Yesterday the grand jury heard for the second time from former White House legislative affairs director John L. Hilley, who ran the office where Lewinsky worked for five months before her transfer to the Pentagon press office. Elizabeth Bailey, who handles applications for political jobs at the Defense Department, also testified.
In addition to White House aides, other witnesses Starr has focused on include:
Lewinsky friends who have been summoned to tell the grand jury what she confided in them about any relationship with the president. Those who have testified include other White House interns, a friend Lewinsky frequently exchanged e-mail correspondence with who now lives in Tokyo, and Lewinsky's mother Marcia Lewis -- who, Tripp has told associates, knew about her daughter's assertions of an affair with the president and her plans to lie about it under oath.

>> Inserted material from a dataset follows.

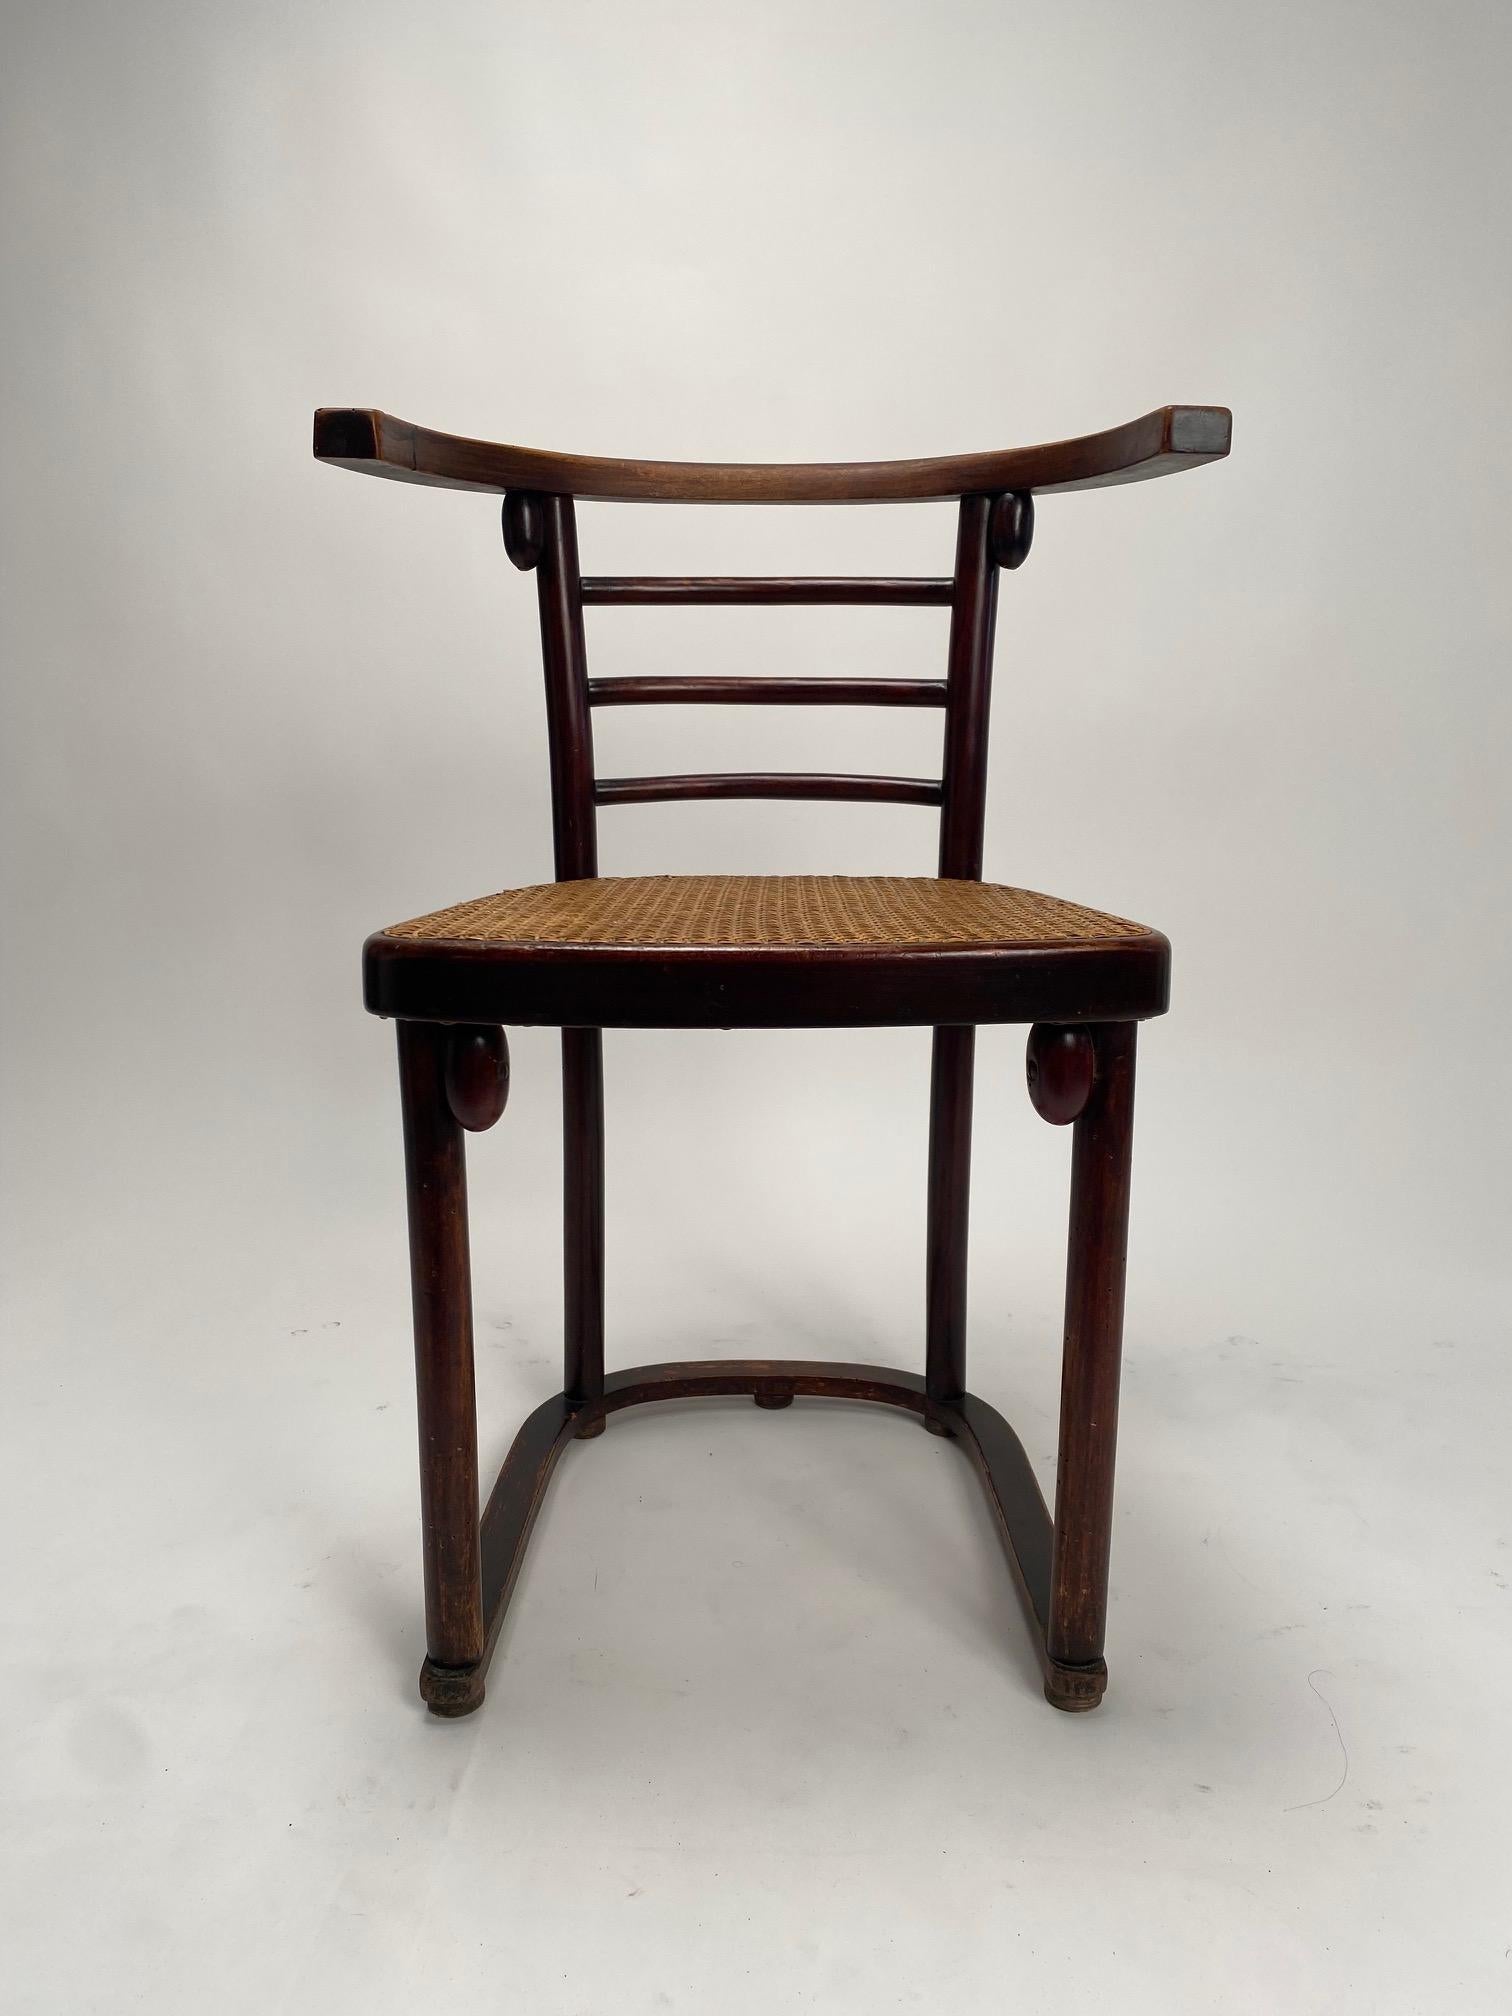 Quatre chaises en bois courbé mod. Fledermaus de Josef Hoffmann pour Thonet, années 1910

Il s'agit de l'une des créations les plus célèbres de l'architecte autrichien Josef Hoffmann, l'un des pères fondateurs de la Sécession viennoise. Construites

Prospective employers. Investigators have spent time in New York taking sworn testimony from executives who were pressed to hire Lewinsky, including officials at Revlon Inc., where she was ultimately offered a position.
Her job search was orchestrated by Jordan, who, according to his associates, did so after a request from Currie that he assumed originated with Clinton himself. Jordan has said he kept the president advised of his progress in December and January.
Hence, the phone records: Prosecutors, having subpoenaed phone records from the companies, Jordan's law firm, the White House and Lewinsky, can try to paint a detailed picture for the grand jury of the timing and sequence of events as pressure mounted for testimony from Lewinsky and Tripp in the Jones case.
Staff writer Peter Baker and staff researcher Ben White contributed to this report.